Copy the data that follows exactly. Include no pictures.

### Available data
+---+

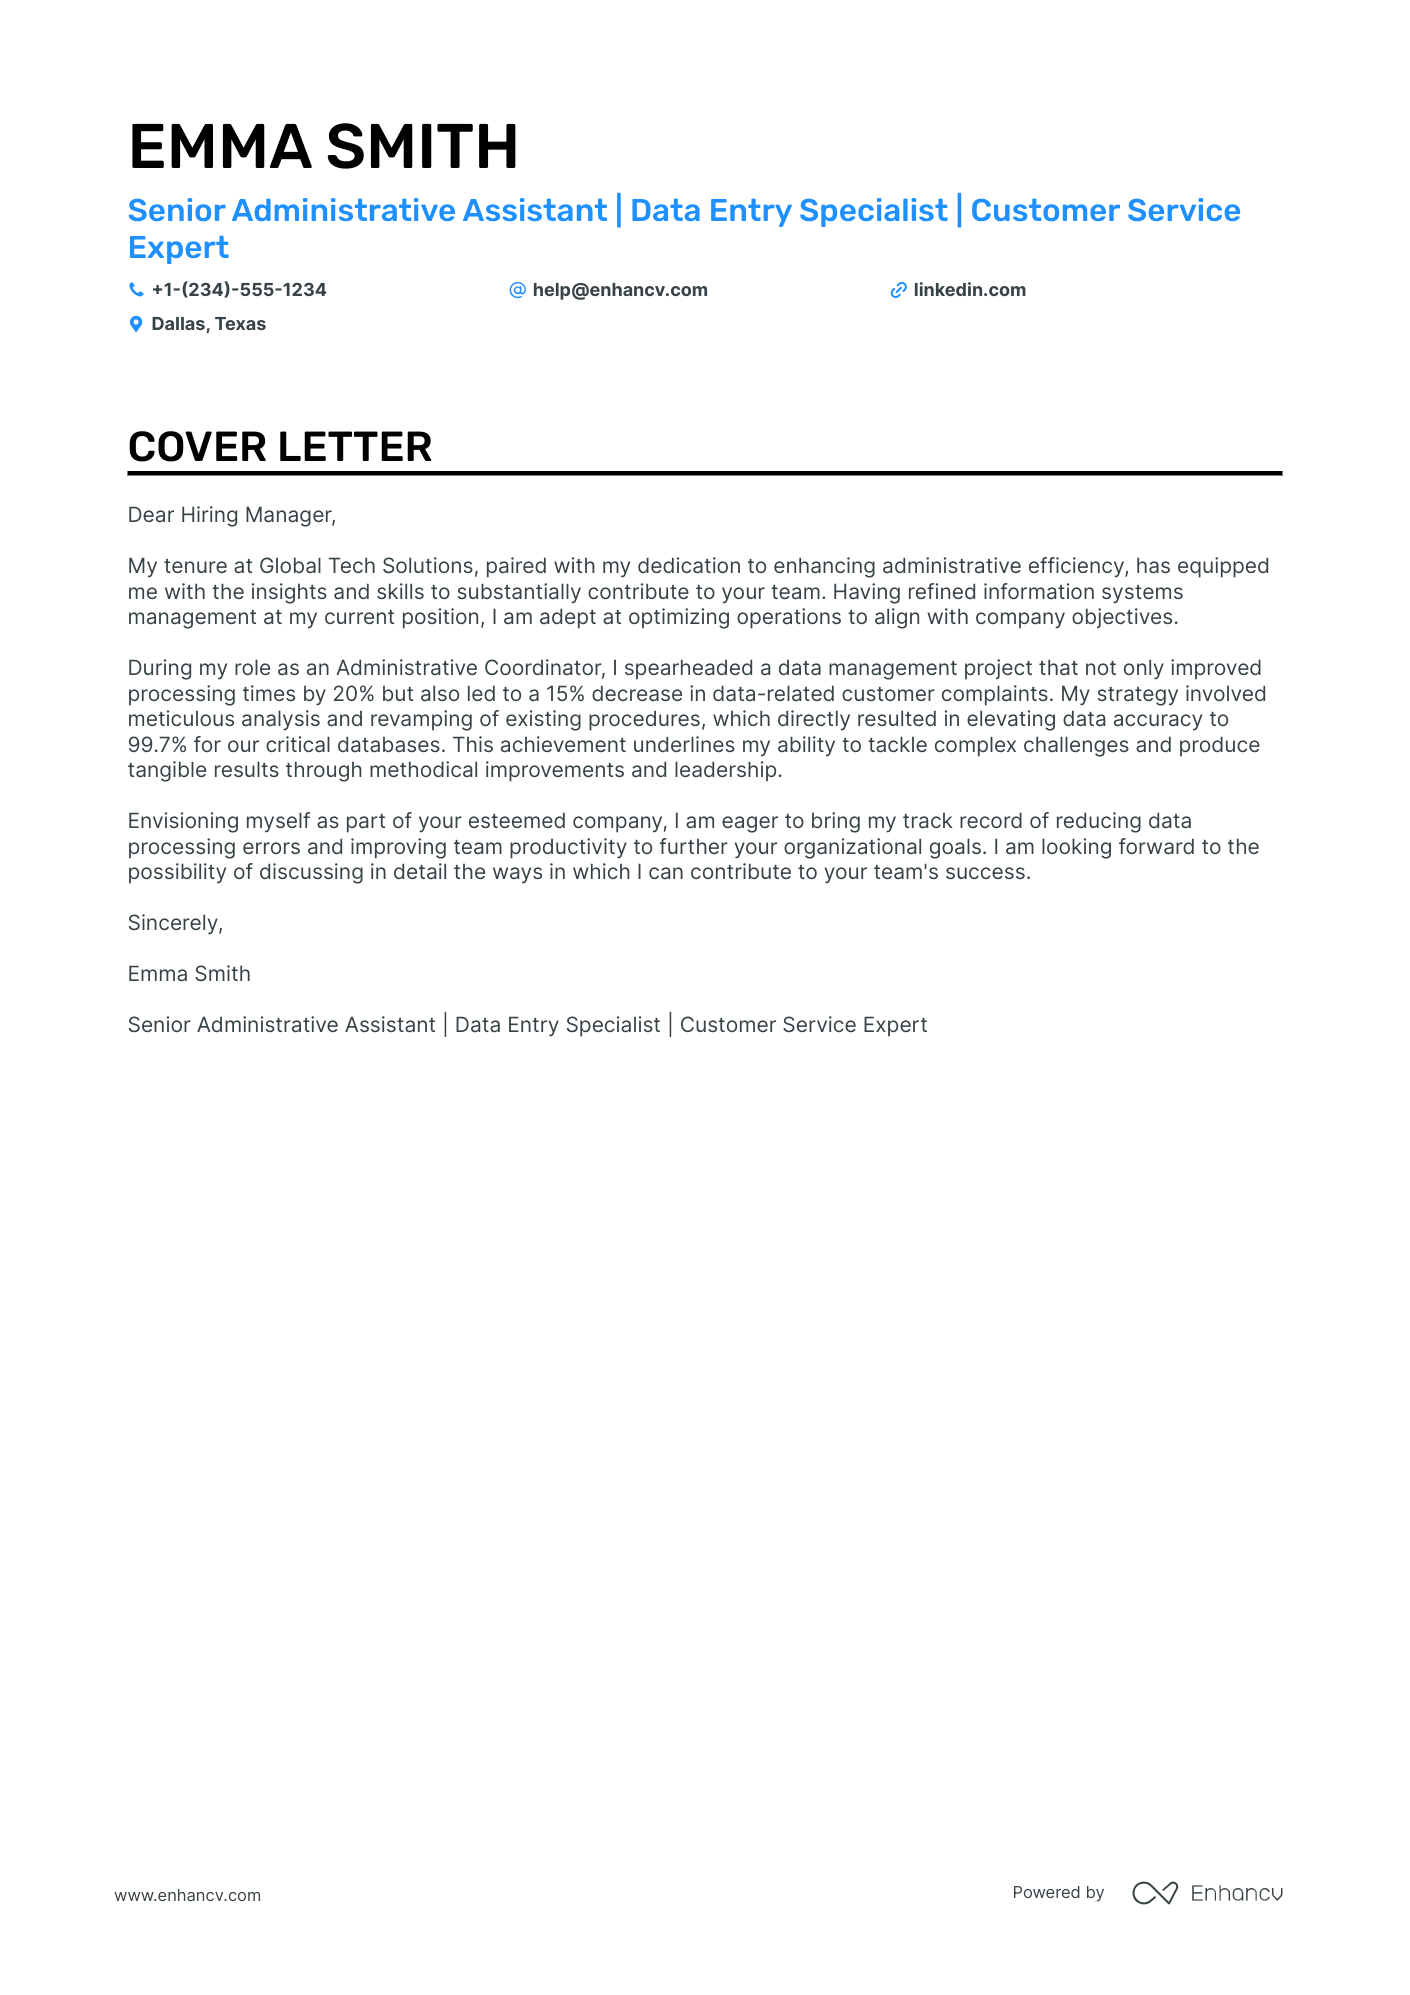 cover letter for a data entry job sample
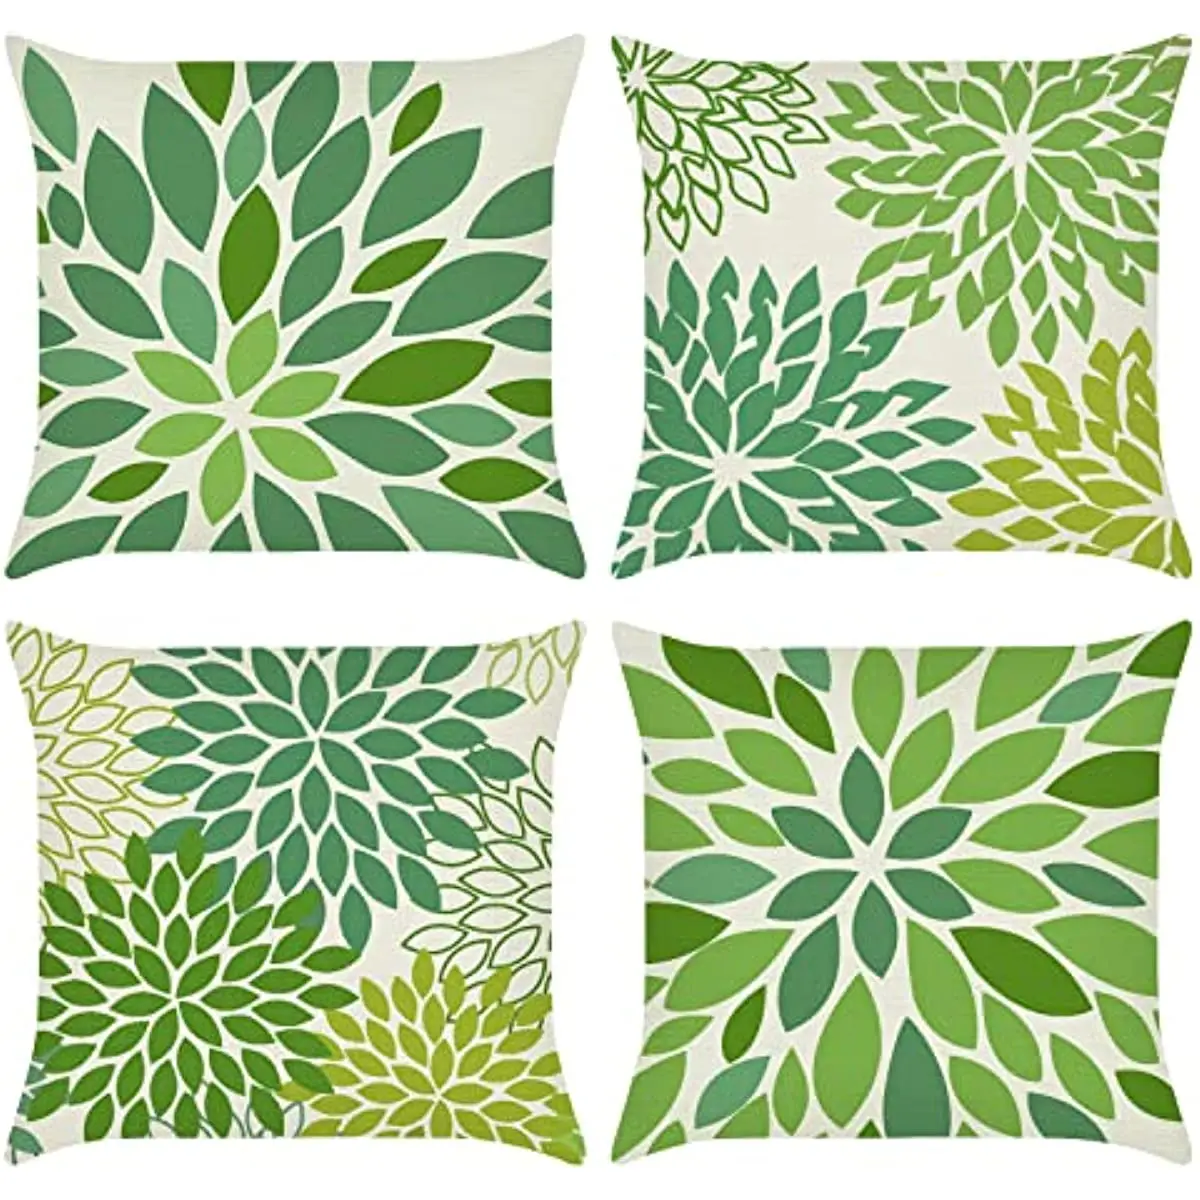 

Dahlia Pinnata Flower Throw Pillow Covers 18 x 18 Inch Set of 4 Green Geometric Floral Decorative Throw Pillow Cases Linen
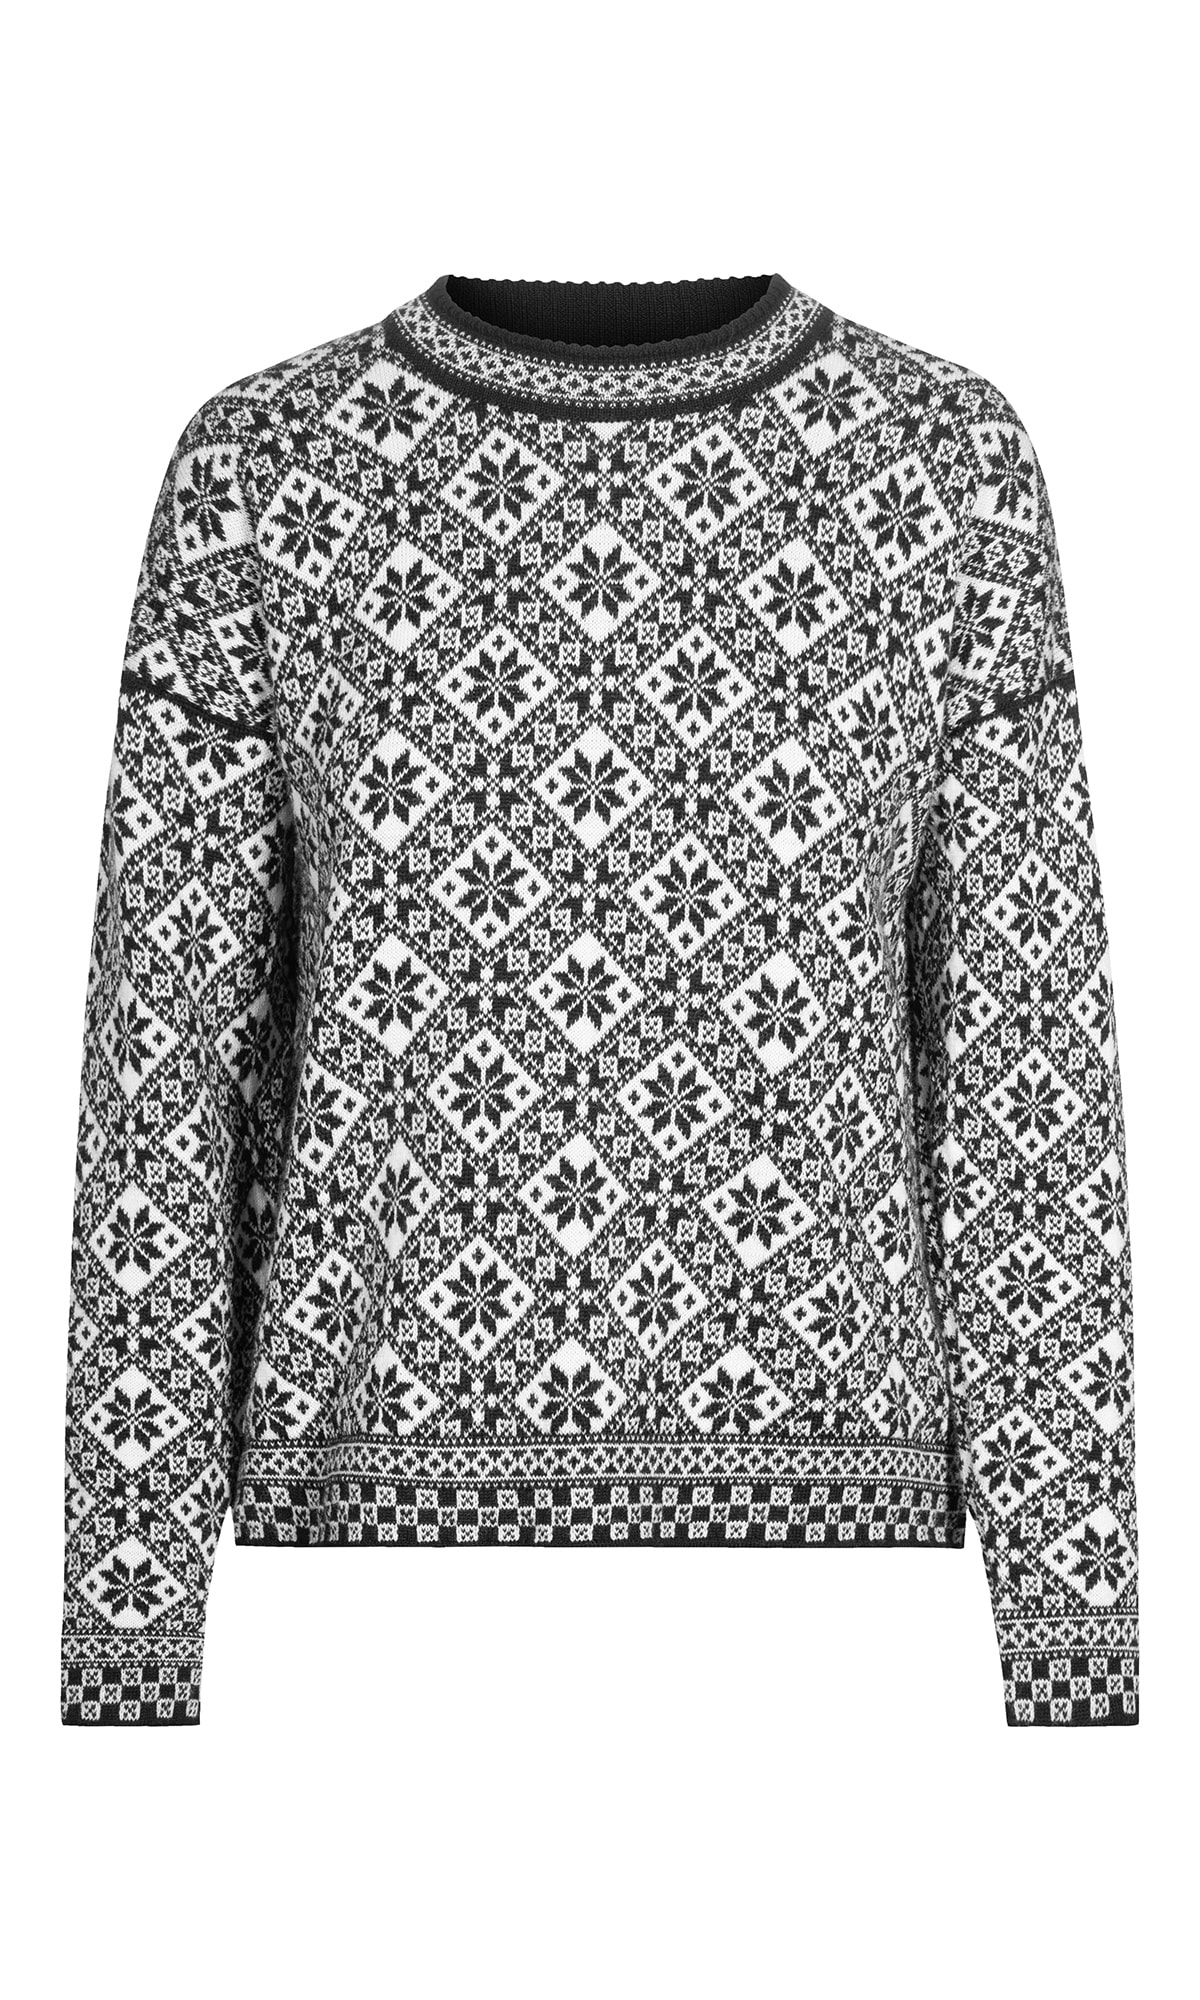 Bjorøy Sweater - Women - Black/Offwhite - Dale of Norway - Dale of Norway
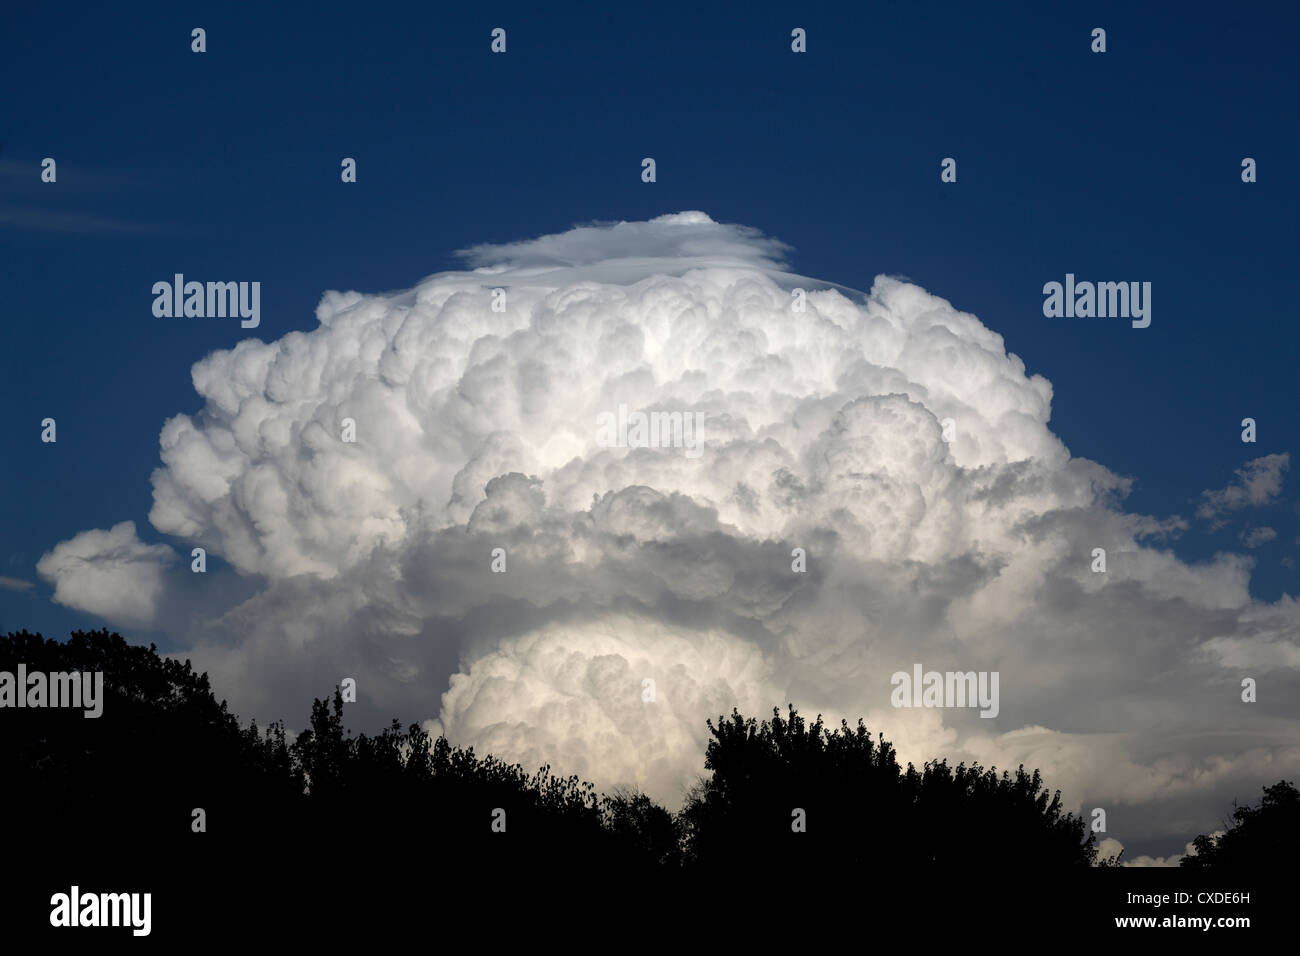 Mushroom thunderstorm cloud with distinct pileus layering on top. Stock Photo

+---+

### Response
 cover letter for a data entry job sample

Dahlia Pinnata Flower Throw Pillow Covers 18 x 18 Inch Set of 4 Green Geometric Floral Decorative Throw Pillow Cases Linen
 Bjorøy Sweater - Women - Black/Offwhite - Dale of Norway - Dale of Norway
 Mushroom thunderstorm cloud with distinct pileus layering on top. Stock Photo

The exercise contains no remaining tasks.